Revision to Australia’s outlook not surprising given agencies had previous flagged concerns around credible fiscal repair plan. S&P’s gave one-in-three chance of AAA cut in next two years if parliament fails to legislate savings or generate sufficient revenue. Gave 6- 12 month timeframe to assess this outcome, adding it could also downgrade with any further weakening of Australia’s external position (including its current account and terms of trade). Believed without more forceful fiscal repair, material government budget deficits may persist for several years and become incompatible with high level of foreign debt. S&P’s also pessimistic about revenue outlook, projecting iron ore price closer to $20t.

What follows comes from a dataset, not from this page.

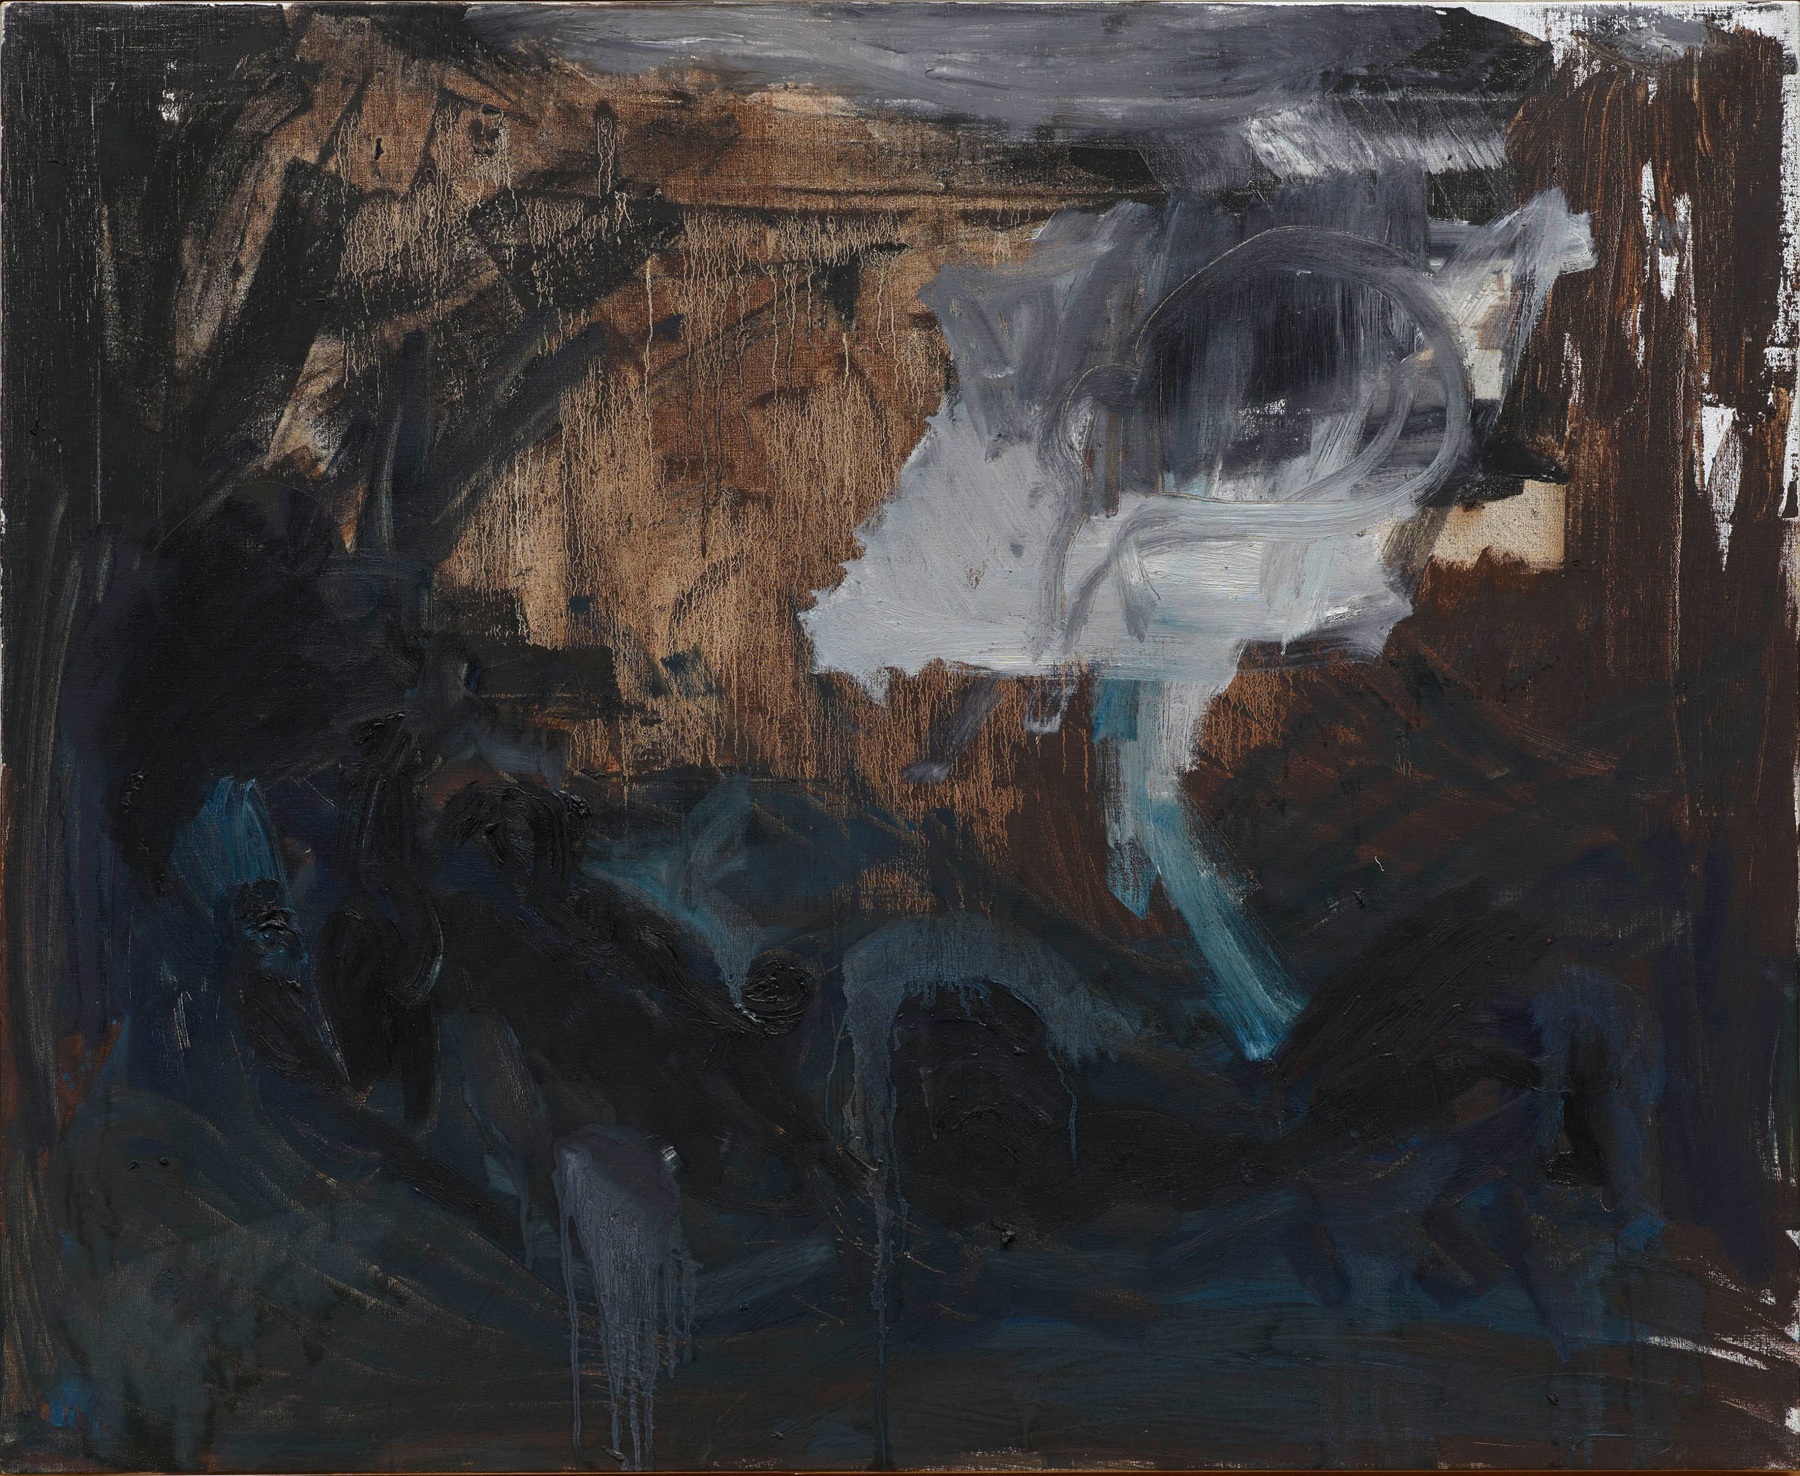 &quot;Untitled&quot;, 1981 Oil on canvas

At state government level, S&P anticipated fiscal deficits to re-widen in next couple of years as states boost infrastructure spending plans.
 
*Australia and New Zealand Banking Group (ANZ), Westpac Banking Corp Fully Paid Ord. Shrs (WBC), Westpac Banking Corp Fully Paid Ord. Shrs (WBC) and National Australia Bank Ltd. (NAB):
 
In the early days of the election campaign it was Labor’s push for a royal commission into the banking sector that looked like the biggest political threat to Australia’s financial institutions. Now, just days after Saturday’s poll has failed to deliver a clear winner, a downgrade to the major banks’ prized credit rating has become the industry’s most worrying issue to emerge out of the messy election result. ANZ Banking Group, Westpac, Commonwealth Bank and National Australia Bank have been caught up in the threat to Australia’s prized AAA credit rating after Standard & Poor’s downgraded their outlook from stable to negative. It is a slap in the face for the majors, which are part of an elite global banking club with an AA-rating, and it is the first challenge to their ratings in decades. Despite their relatively robust position, Standard & Poor’s downgraded the major banks’ outlook from stable to negative because their ratings reflect the ability of the Australian government to support them when things go belly up, as they did in the global financial crisis. While the downgrade does not directly affect earnings, it potentially drives up their wholesale funding costs. Banks raise almost a third of their funding by issuing bonds in wholesale markets. They could raise equity to protect their rating but that would be challenging given the majors have already been down that road to help fund higher capital requirements. The news came just hours after the downgrade to Australia’s sovereign AAA credit rating outlook earlier in the day but after the market closed. Shares in all the majors, except NAB, closed in positive territory but off their highs earlier in the day.